Кстати, Мильчин в рецензии для портала Виго вообще говорит о том, почему к данной книге – да и ко всем произведениям Яхиной – нельзя подходить с меркой исторического соответствия: «Яхина пишет не исторические романы… Жанр Яхиной – притча. Эшелон на Самарканд – это, конечно же, Ноев ковчег, а красноармеец Деев не кто иной, как Ной. При этом он и комиссарша Белая – Адам и Ева на пустой земле; среди деяний Деева постоянное присвоение всем персонажам имен и прозвищ, а это как раз работа Адама. Но Деев еще и Моисей, ведущий свой народ в Землю обетованную…У Яхиной густо от метафор и отсылок, так было и в предыдущих книгах, но здесь этот прием особенно ярок».

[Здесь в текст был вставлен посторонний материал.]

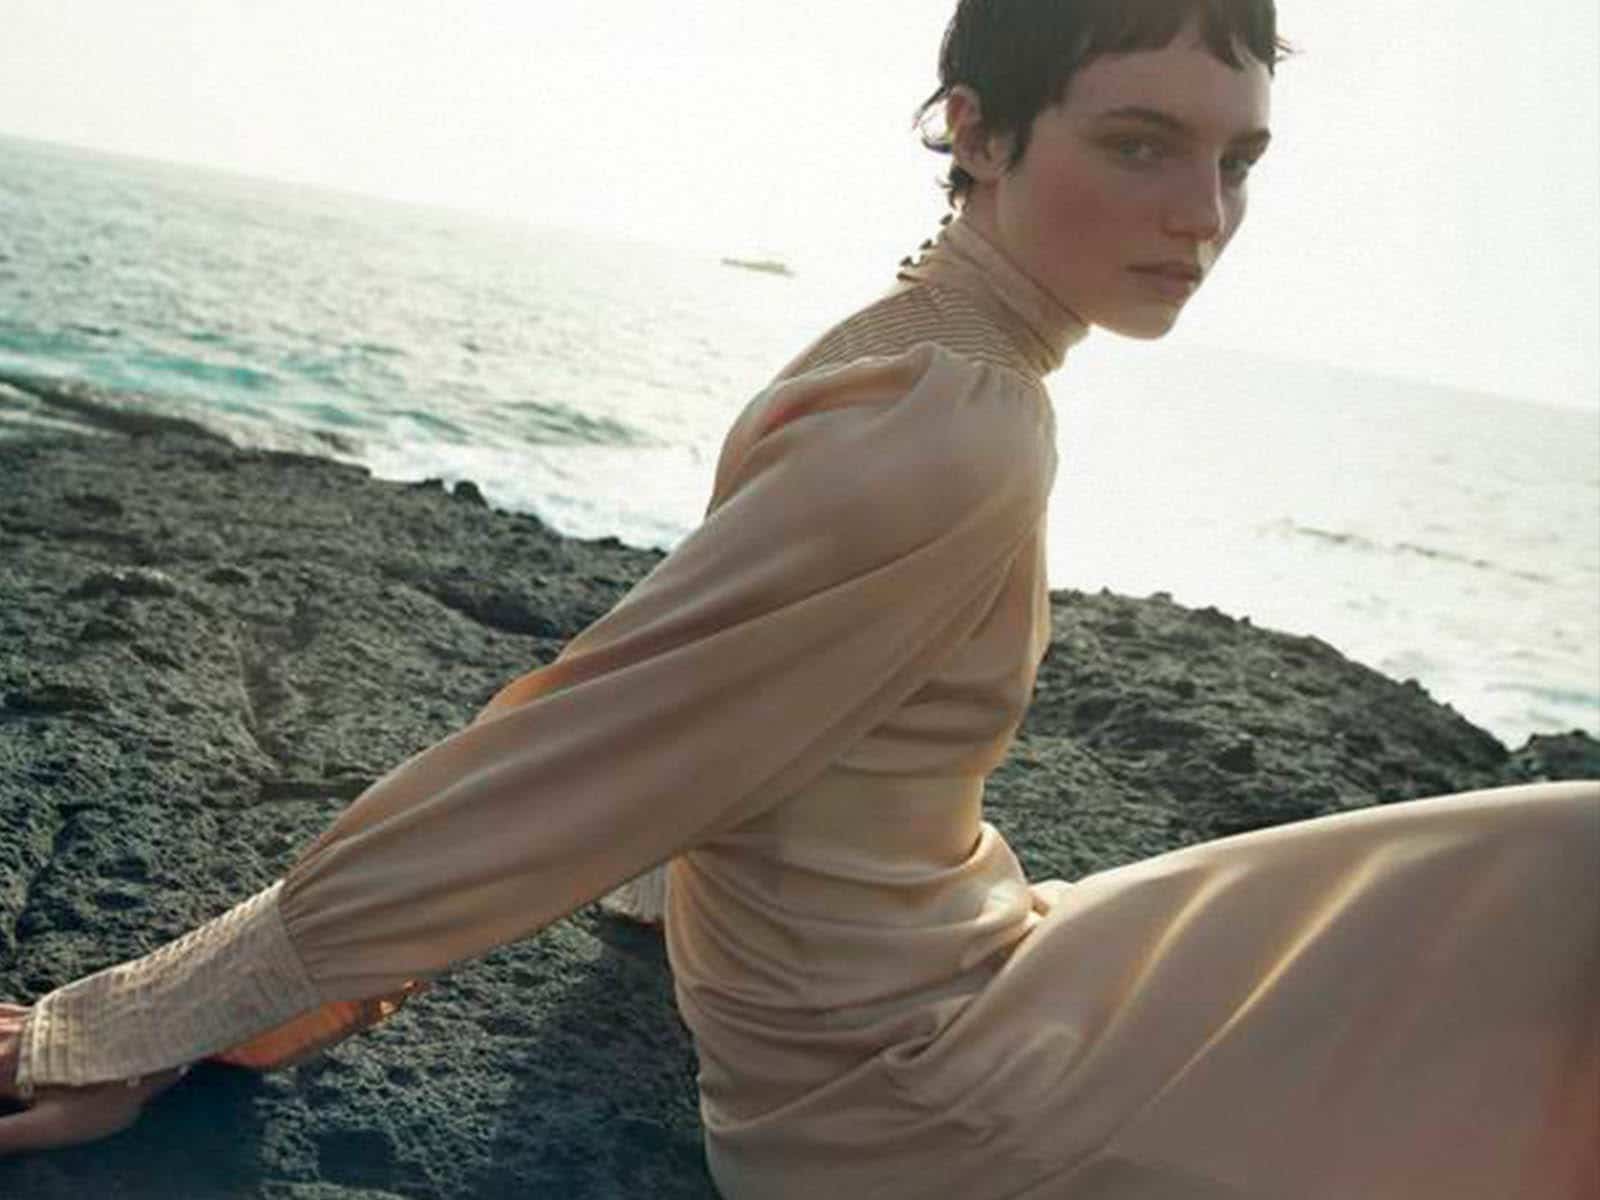 Zara launches 1920s-inspired bridal collection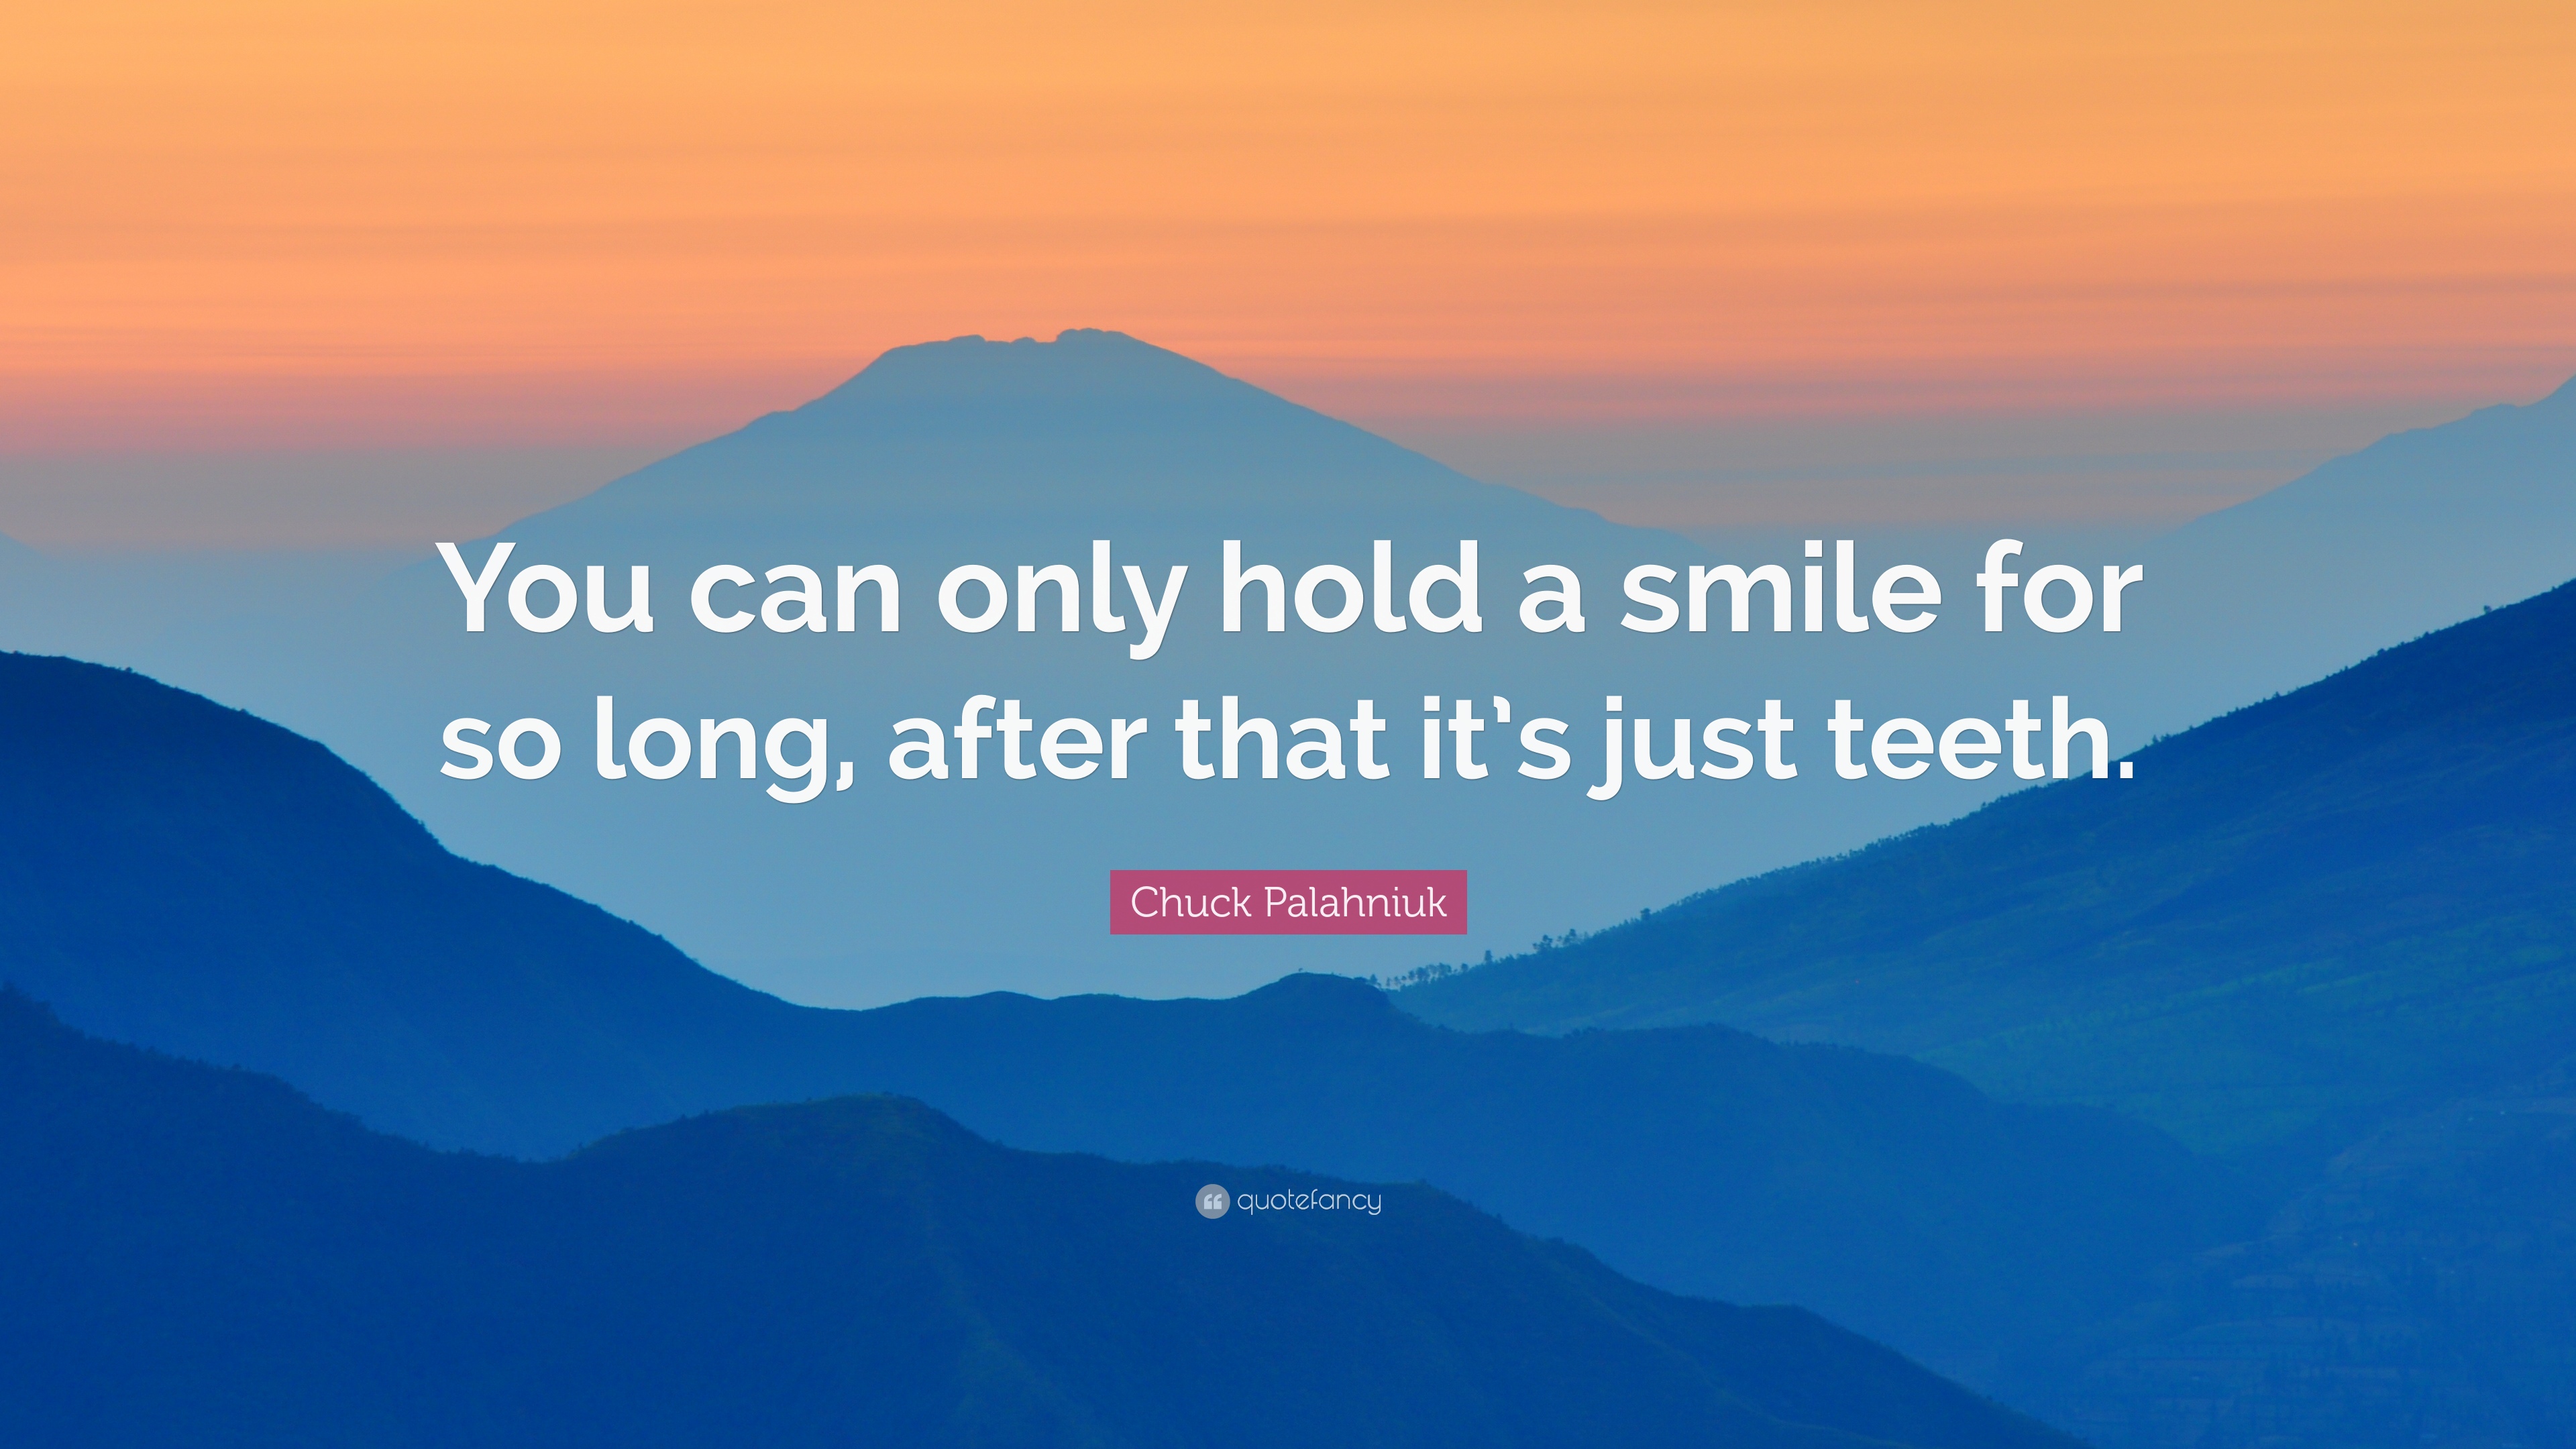 Chuck Palahniuk Quote: “You can only hold a smile for so long, after ...

Я вижу «Эшелон на Самарканд» так же. На мой взгляд, притчевость и метафоричность этой книги виной тому, что с нею что-то, как сейчас принято говорить, «не так». Эта история о спасении голодающих детей благодаря горю невинных и слабых должна была звучать надрывнее двух ранних книг Яхиной, где страдают взрослые, к тому же неоднозначные. Но увы: трагизма в ней столько же, сколько в советском неологизме «голдети», коим пестрит книга.
Из книг Яхиной наиболее органична в моих глазах «Зулейха». Не зря писательница говорила в интервью (https://rg.ru/2015/11/18/yahina.html) 2015 года, что воспользовалась для ее сюжета историей своей родной бабушки. Правда, бабушке было семь лет, когда их семью раскулачили и сослали на приток Ангары. Следовательно, судьба самой Зулейхи основана на биографиях более старших членов рода. Но это не так важно. Память рода, личная связь с глобальными событиями – мистическая и сильная вещь. Полагаю, она и водила пером Яхиной, когда та писала «Зулейху», и сообщила ее тексту какое-то особое вдохновение и эмоциональность (и то, что книга написана «картинками», как сценарий, видимо, из остроты авторских переживаний и сложилось). Тем самым меня роман о Зулейхе и впечатлил.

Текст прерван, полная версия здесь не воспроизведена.